__What the exercise asks__.
Reproduce the listing below word for word, with no pictures.

__Supplied information__.
>>>>
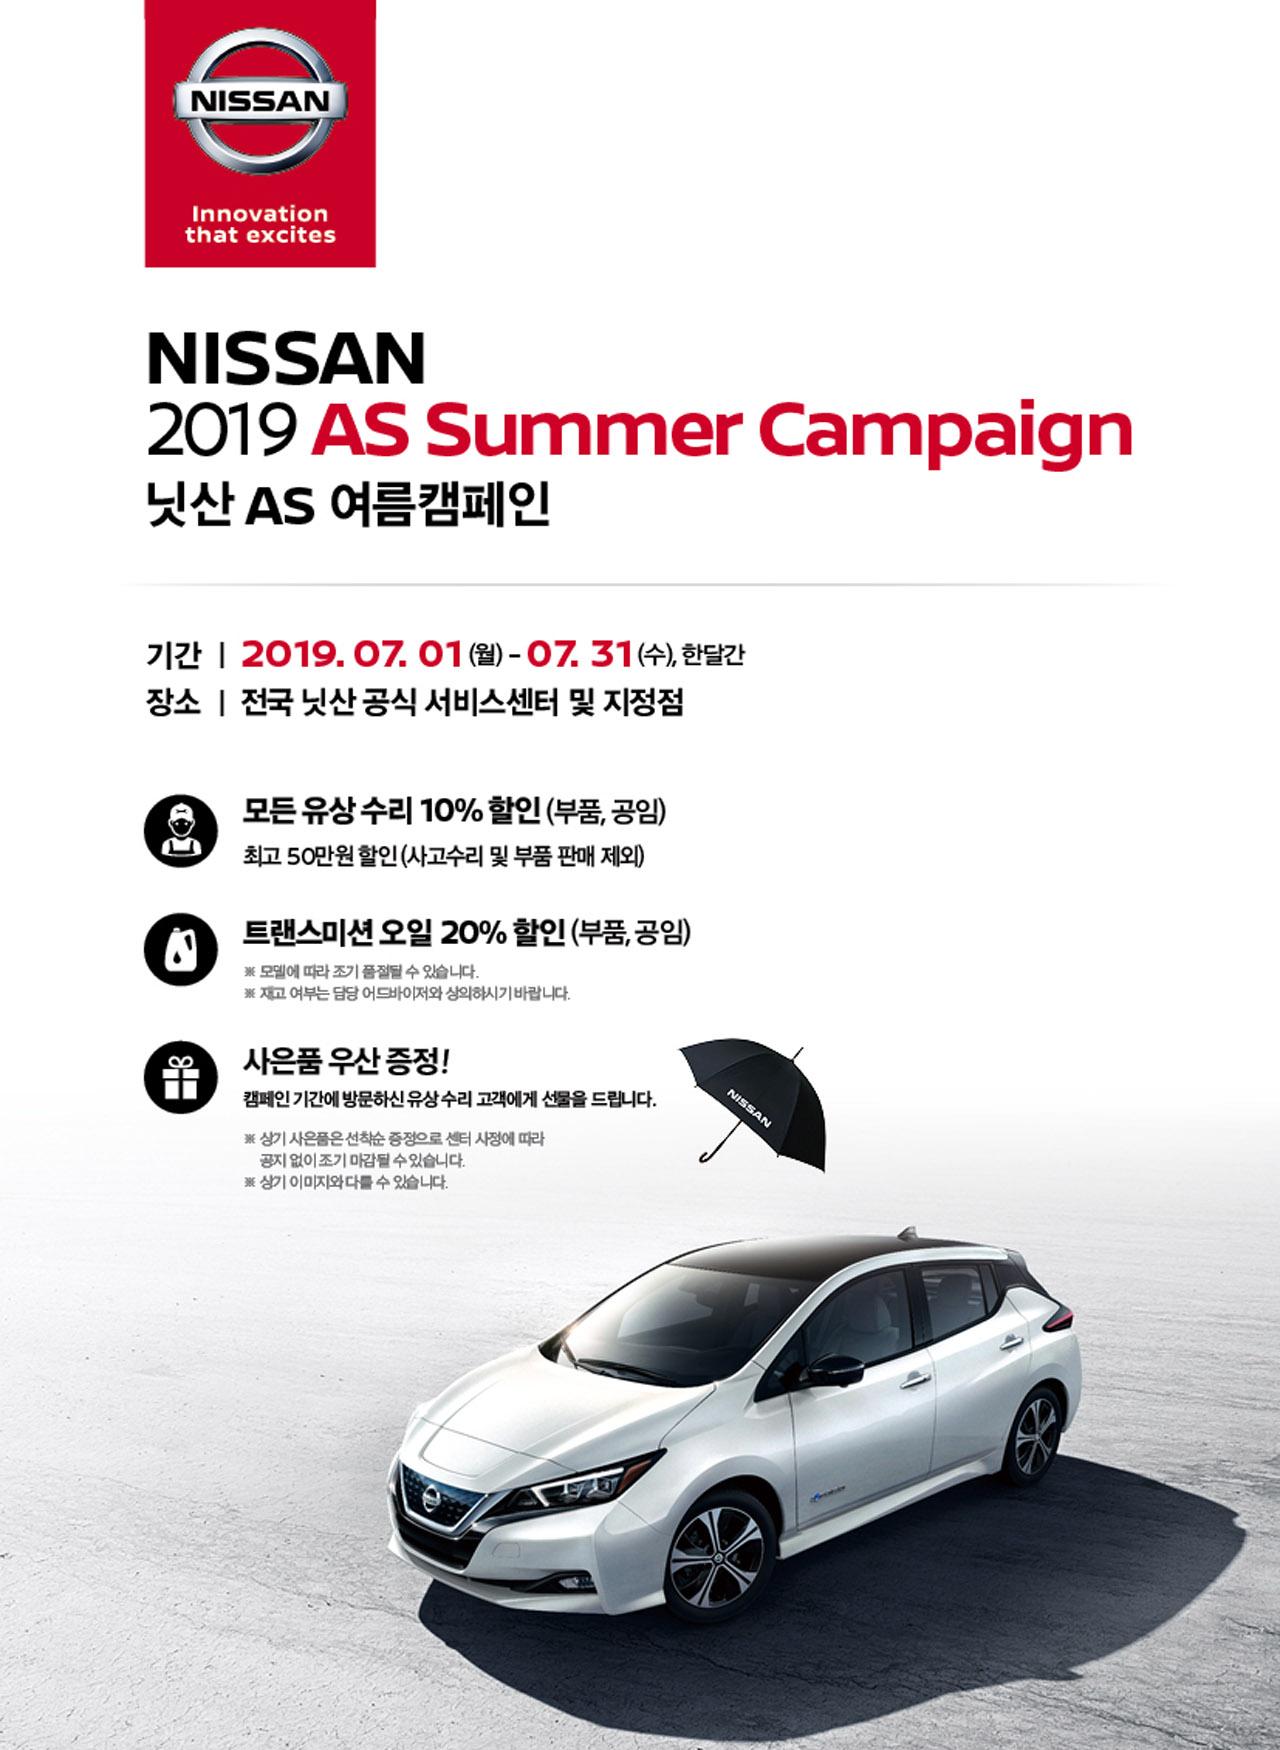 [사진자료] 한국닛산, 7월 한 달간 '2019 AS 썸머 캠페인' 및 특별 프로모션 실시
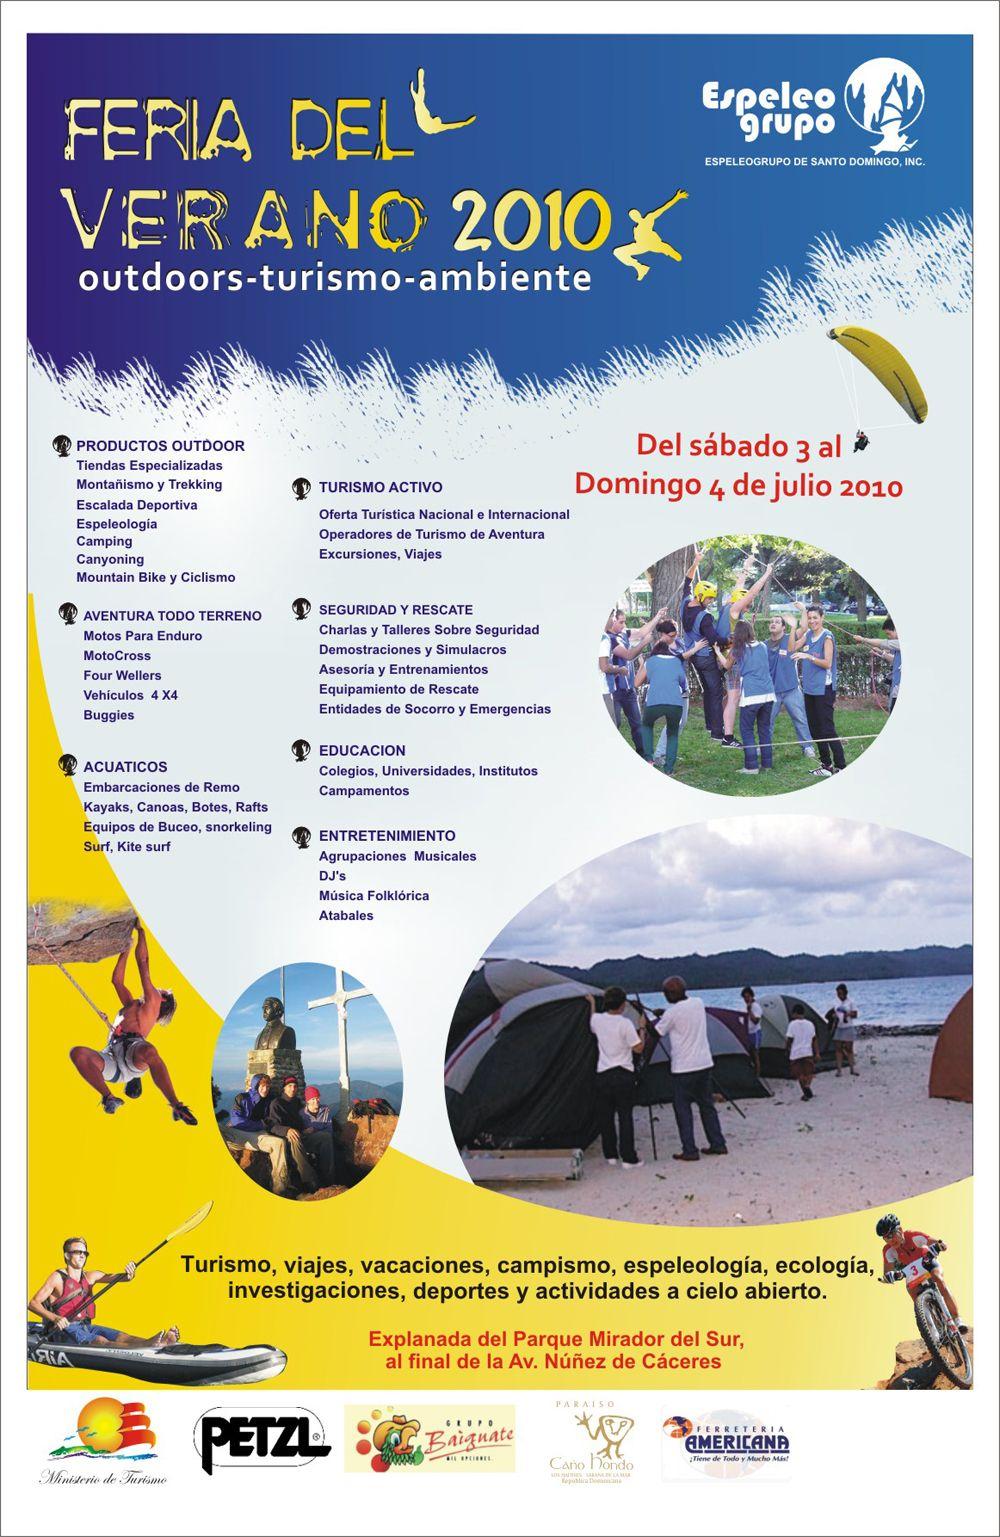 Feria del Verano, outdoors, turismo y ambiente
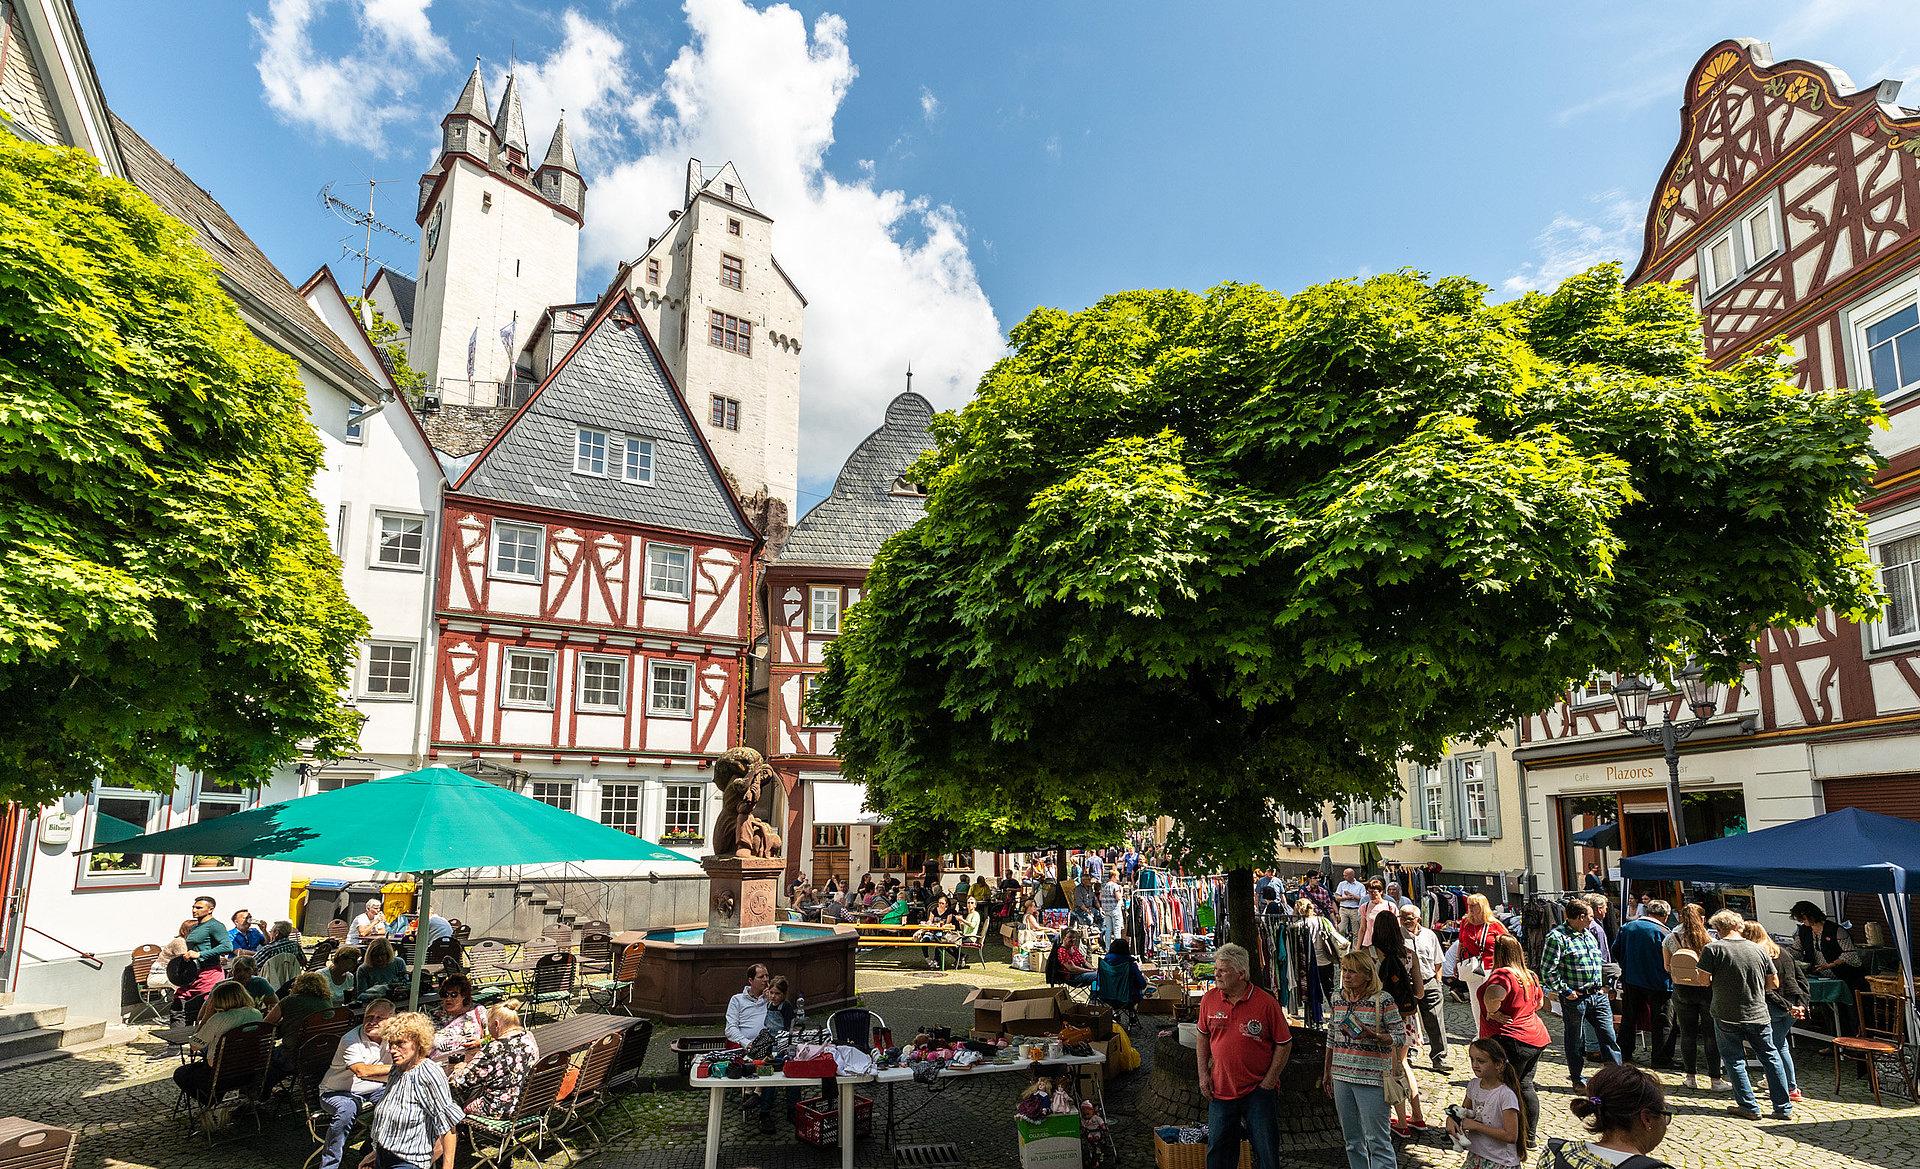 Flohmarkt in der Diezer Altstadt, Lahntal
<<<<
__Response below__.
 [사진자료] 한국닛산, 7월 한 달간 '2019 AS 썸머 캠페인' 및 특별 프로모션 실시
 Feria del Verano, outdoors, turismo y ambiente
 Flohmarkt in der Diezer Altstadt, Lahntal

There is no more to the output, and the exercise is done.